Growing up in India is a multicultural experience. There is something to learn about a new culture or religion every month of the year and one of the most widely celebrated festivals here is Eid.
The most important Muslim festival is known as Eid-ul-fitr, which literally means the festival of breaking of the fast. The month before Eid is a time of self-reflection and alms-giving, a time for family and community where Muslims thank Allah for all the good in their lives.
The month before the festival of Eid is known as Ramzan (in Urdu) or Ramadan (in Arabic). It is the ninth month of the Muslim calendar. It begins at the sighting of the 9th crescent moon and ends on the night of the 10th crescent moon of the lunar calendar. The day after the sighting of the 10th crescent moon is known as Eid and is one of two main festicals celebrated by Muslims the world over.
The Muslim calendar is lunar and so it counts 1 month as 28 days- the time between 2 crescent moons. Since 1 year on the lunar calender is 11 days shorter than the Gregorian calendar, festivals like Eid move forward every year.
Ramzan has no connection with the cycle of the seasons or any event in history. It’s sole purpose is for Muslims to devote a part of the year to reflect on their lives and remember Allah. There are three main reasons why Muslims fast during the month of Ramzan:
1. It teaches you about compassion.
Not all people are fortunate to afford regular meals. Fasting helps you understand what people who cannot afford regular meals experience on a daily basis.
2. It teaches you self-control.
Fasting when there is temptation all around you helps build your will power which you can apply to other parts of your life as well.
3. It allows you time to purify your body.

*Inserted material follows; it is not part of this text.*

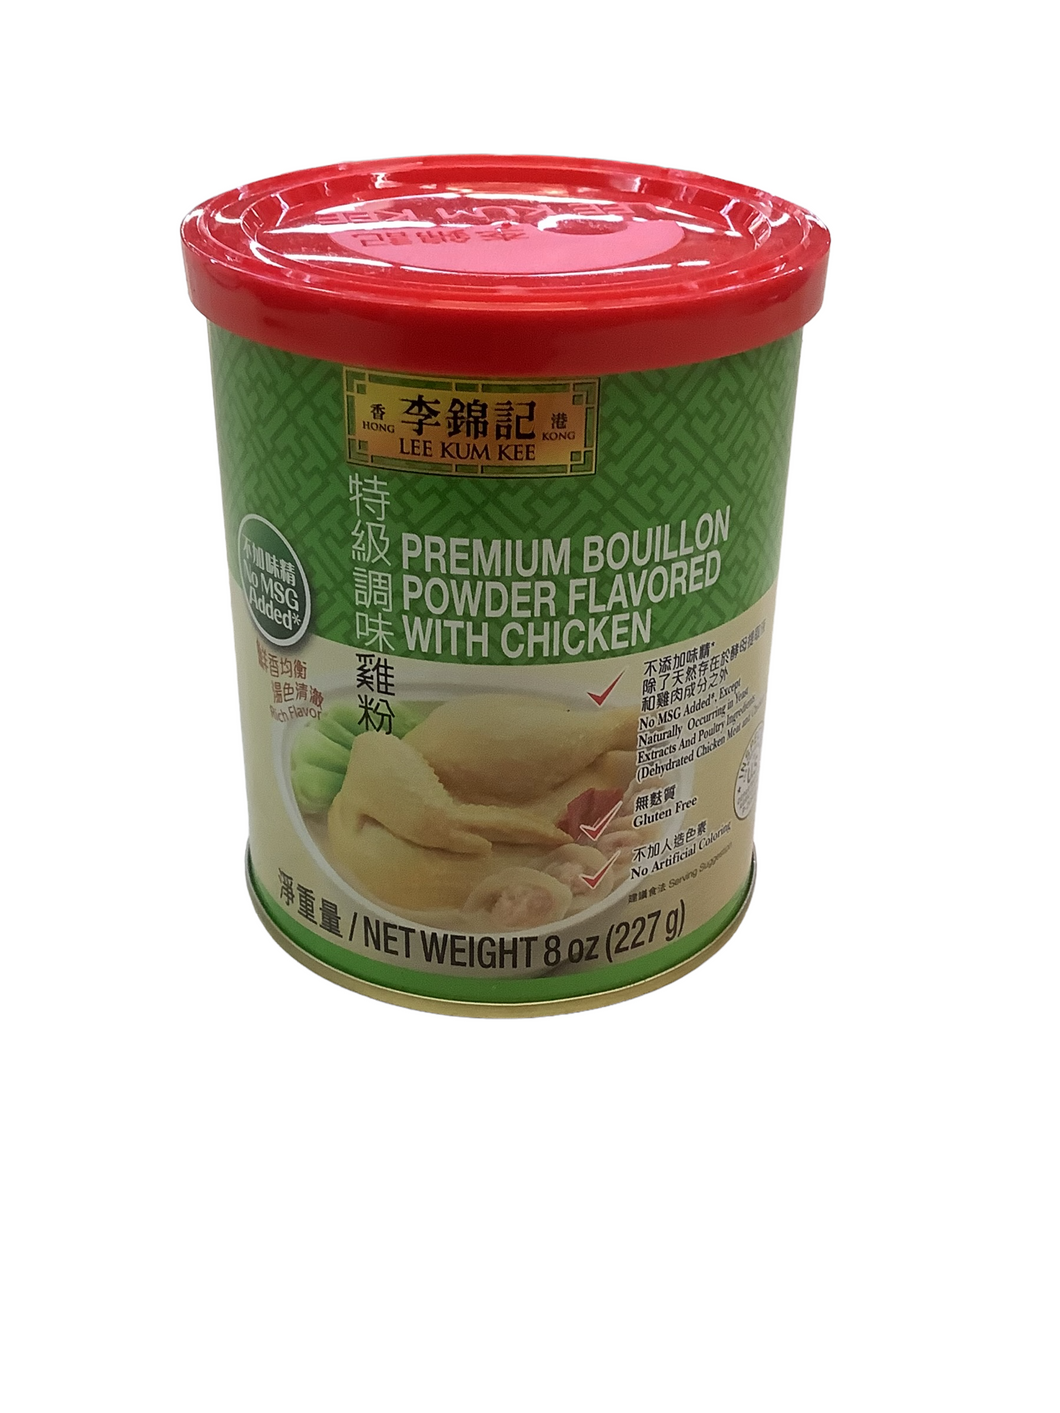 Lee Kum Kee Premium Bouillon Powder Flavored with Chicken

Because people fast during Ramzan, they become very aware of their bodies. This eventually leads to spiritual thoughts.
Roza, Suhoor and Iftar
Roza according to the Quran is the ritual fast in the name of Allah. People are not allowed to eat or drink while the sun is in the sky so they wake up before dawn to eat enough to keep them going through the day. This morning meal is known as Suhoor and people must keep their fast until after the evening prayer. The evening meal or iftar usually occurs outside a mosque itself. Most people will break their fast with some dates and a cup of water before moving on to heavier foods.
The day after the 10th crescent moon is a day of big celebration. As we have seen, Ramzan builds community by bringing people together over food and Eid is no different. The family will gather for a sweet breakfast before the morning prayer and then pray together.
The day is spent visiting relatives and friends while indulging in elaborate meals. Some of the tasty delights are haleem- a rich preparation made of wheat, barley, and meat; biryani; and a variety of sweets like suttar feni and vermicelli are also common.
- Muslims fast during the month of Ramzan to distance themselves from the material world and build self-control. Pick an activity that gives you a lot of pleasure and decide not to do it for a week. When that time is over, you will notice how much more you appreciate doing it once more.
- Eid ul fitr is one of two Muslim celebrations. Can you find out about the other major Muslim festival Eid-al-Adha (the feast of sacrifice)?
- Take the time to get to know someone’s Ramadan experience. Choose a friend or relative that has fated the entire month of Ramzan. Ask them the following questions:
- At what age did you complete your first fast?
- What did the first week feel like?
- Did it become easier as the month went along?
- How did you get over your hunger?
- What was the most memorable moment of your first Ramzan?